Bounded by Eastern Parkway to the south, Pacific Street to the north, and Albany and Franklin avenues to the east and west, North Crown Heights, where homes can cost less than $1 million, is pulling in homebuyers priced out of Park Slope, the Upper West Side, and other established neighborhoods. Last month, the first Crown Heights North Association House and Garden Tour took place, and community leaders are working to polish the faded commercial strip along Nostrand Avenue to make it appealing to businesses.
The area has many well-preserved single- and multi-family homes on large lots, some with driveways and garages. On the streets perpendicular to Nostrand, between Eastern Parkway and Atlantic Avenue, there are numerous freestanding mansions and finely detailed brick rowhouses. Depending on their condition, they can sell for $650,000 to $1 million. In places like Prospect Heights, brownstones sell for as much as $1.5 million, while on the north side of Park Slope it is more than $2 million for a single-family home.

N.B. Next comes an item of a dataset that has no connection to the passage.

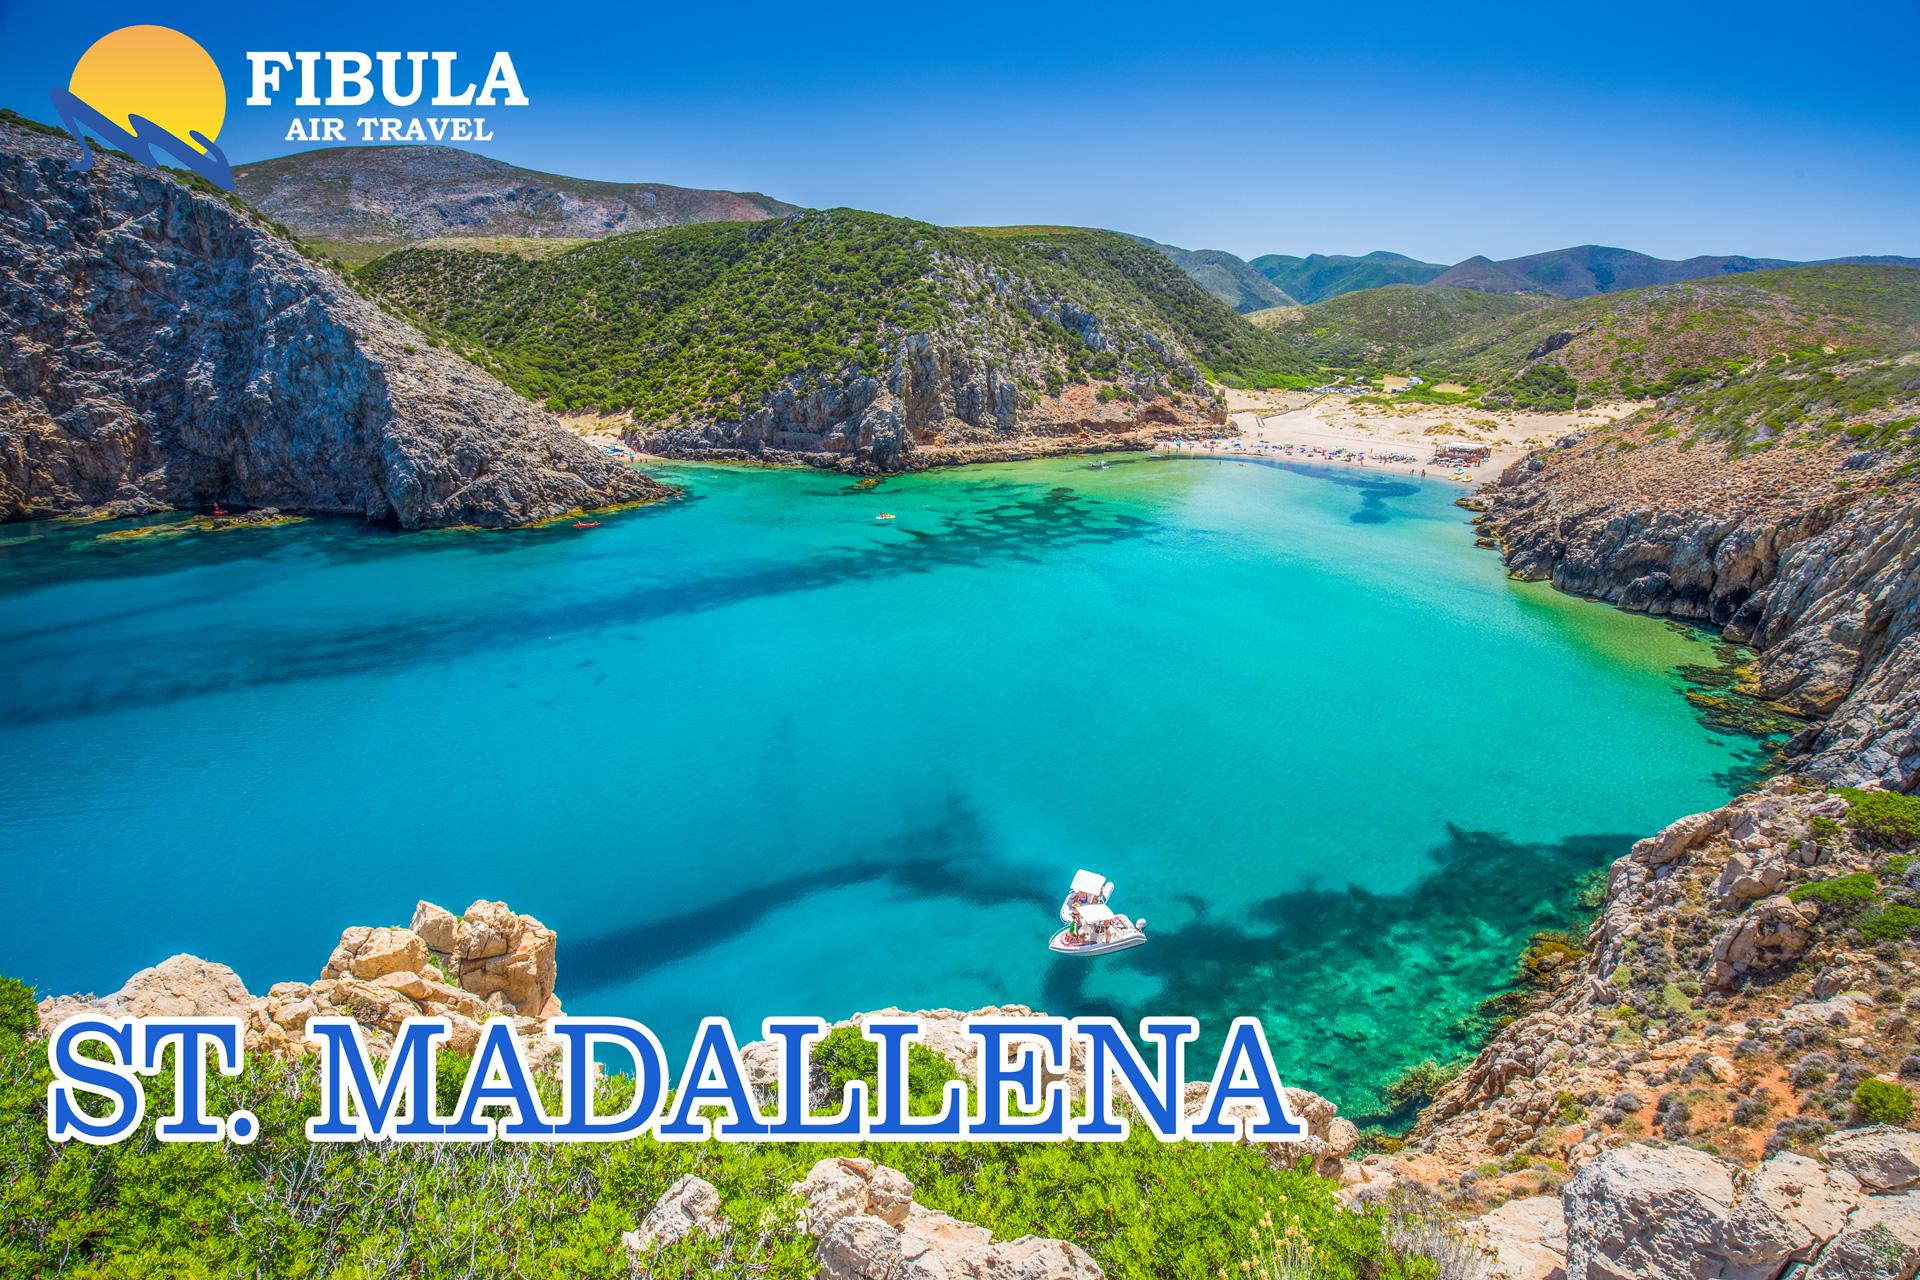 St. Madallena ruzicasta plaza Sardinija leto 2019 turisticka agencija Fibula Air Travel
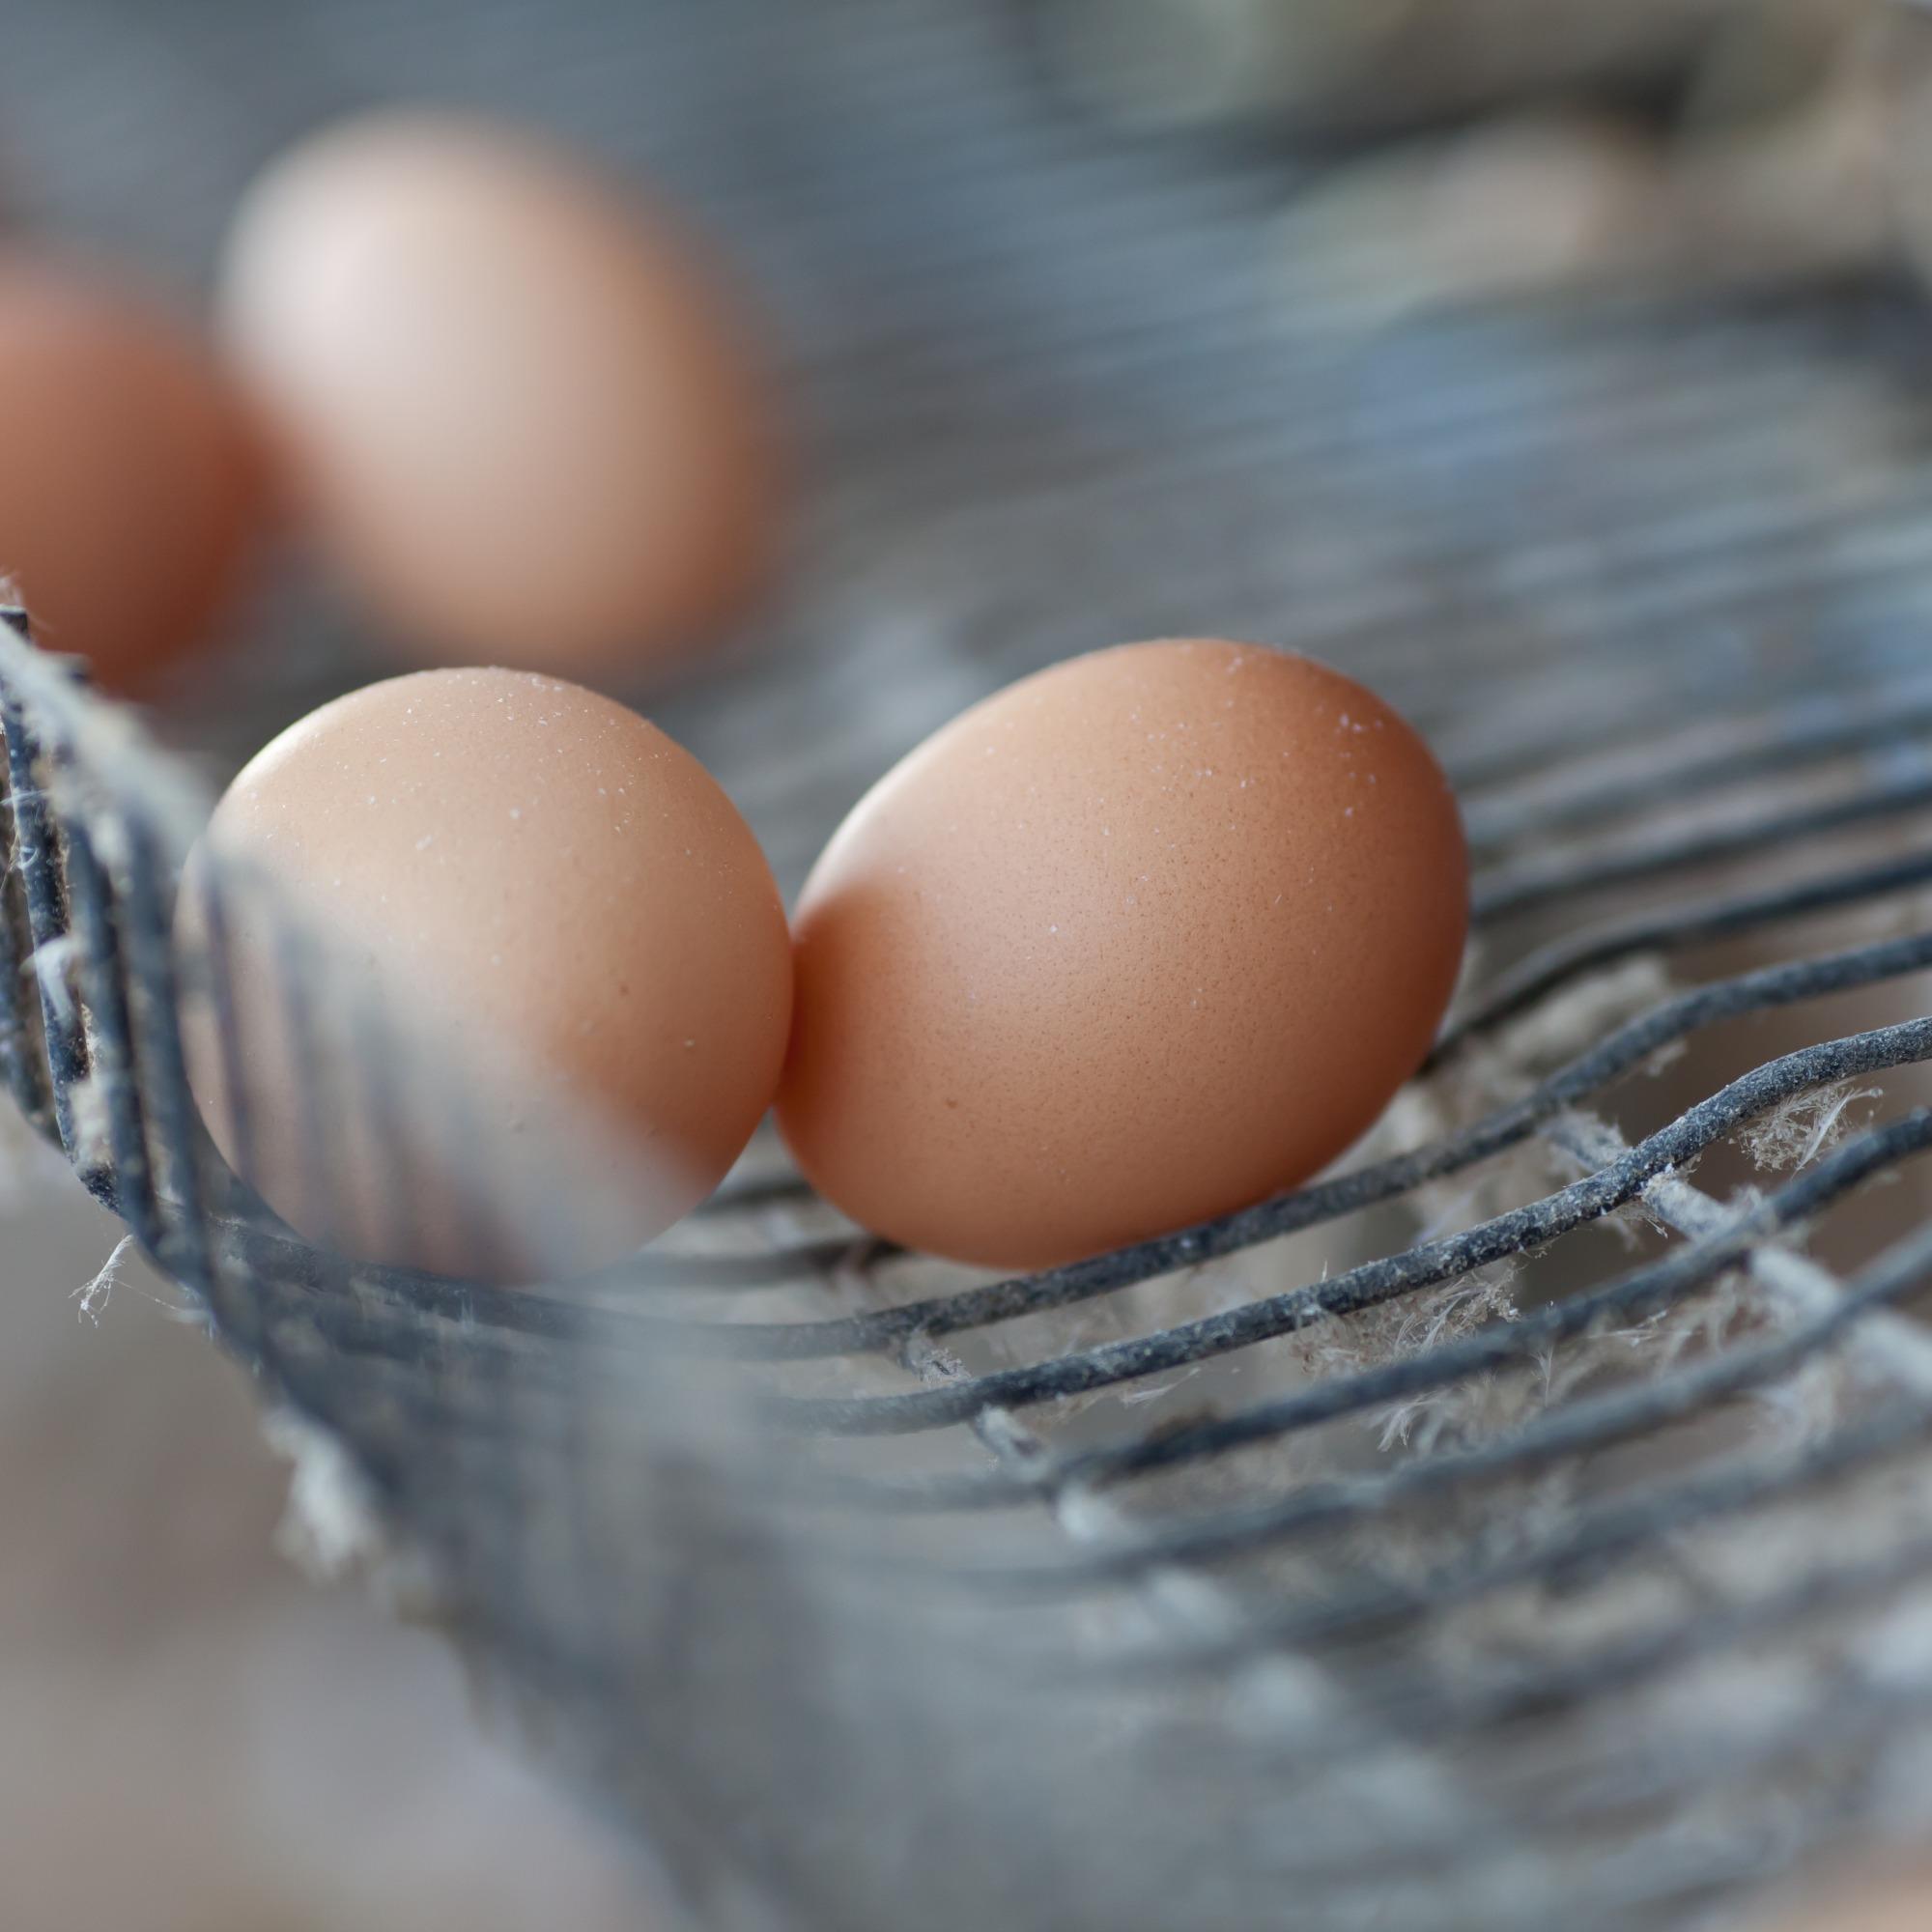 Agricultura familiar terá regras facilitadas para incentivar formalização da atividade

“You can still find a bargain, however there are fewer and fewer,” a sales agent with Fillmore Real Estate, Alexander Gurevich, said. “When compared to Prospect Heights, Forte Greene, and Park Slope, Crown Heights is a bargain.”
Earlier this year, the city granted landmark protection to 472 houses and other historically significant buildings in North Crown Heights, and hundreds more have been designated for future landmark status. During the house tour, the public was able to peek inside a few of the homes representing architectural styles from late Victorian to Renaissance Revival. The houses have grand proportions, high ceilings, and detailing, such as ornate woodwork and plaster ceiling medallions.
“It puts you on the map in terms of people knowing what’s in the community,” the chairwoman and president of the Crown Heights North Association, Deborah Young, whose group sponsored the tour, said. “I don’t think New York City had a real good understanding of what jewels we have in Crown Heights. It exposed us.”
While homebuyers see the area’s potential, new businesses are proving harder to attract. Along Nostrand, for example, many stores have old facades and rundown signs. Graffiti covers the security gates over the storefronts. While heavy on nail and hair salons and barbershops, the commercial strip lacks basic services such as a bank branch.
“People are buying nice homes and spending good money and there are no services,” a project coordinator for the North Crown Heights Merchants Association, who is a sales agent with Prudential Douglas Elliman Real Estate, Barbara Brown-Allen, said. “They don’t know the spending power that’s here.”
One newcomer agreed. In September a 40-year-old bachelor who works in business development on Wall Street, moved into a four-story, two-family home on Hampton Place that he bought for $870,000. The purchaser, who requested that he not be identified, said he spent more than a year hunting for a brownstone that would provide rental income for less than $1 million in Prospect Heights, Boerum Hill, and Bedford-Stuyvesant.
“I must have looked at over 100 buildings in the past year,” he said. “I bid on five and didn’t get any. Every time I’d try to buy one there were 100 people just like me, just as well-funded, making the move. I kept getting outbid.”
His house requires cosmetic improvements, and while it’s not “dripping with details,” it does have a fireplace, some wood molding and wainscoting, a beautiful garden, and a roof deck with views of Manhattan. His neighbors, who mostly are West Indian, are friendly and many are retired, he said. He is optimistic about the future.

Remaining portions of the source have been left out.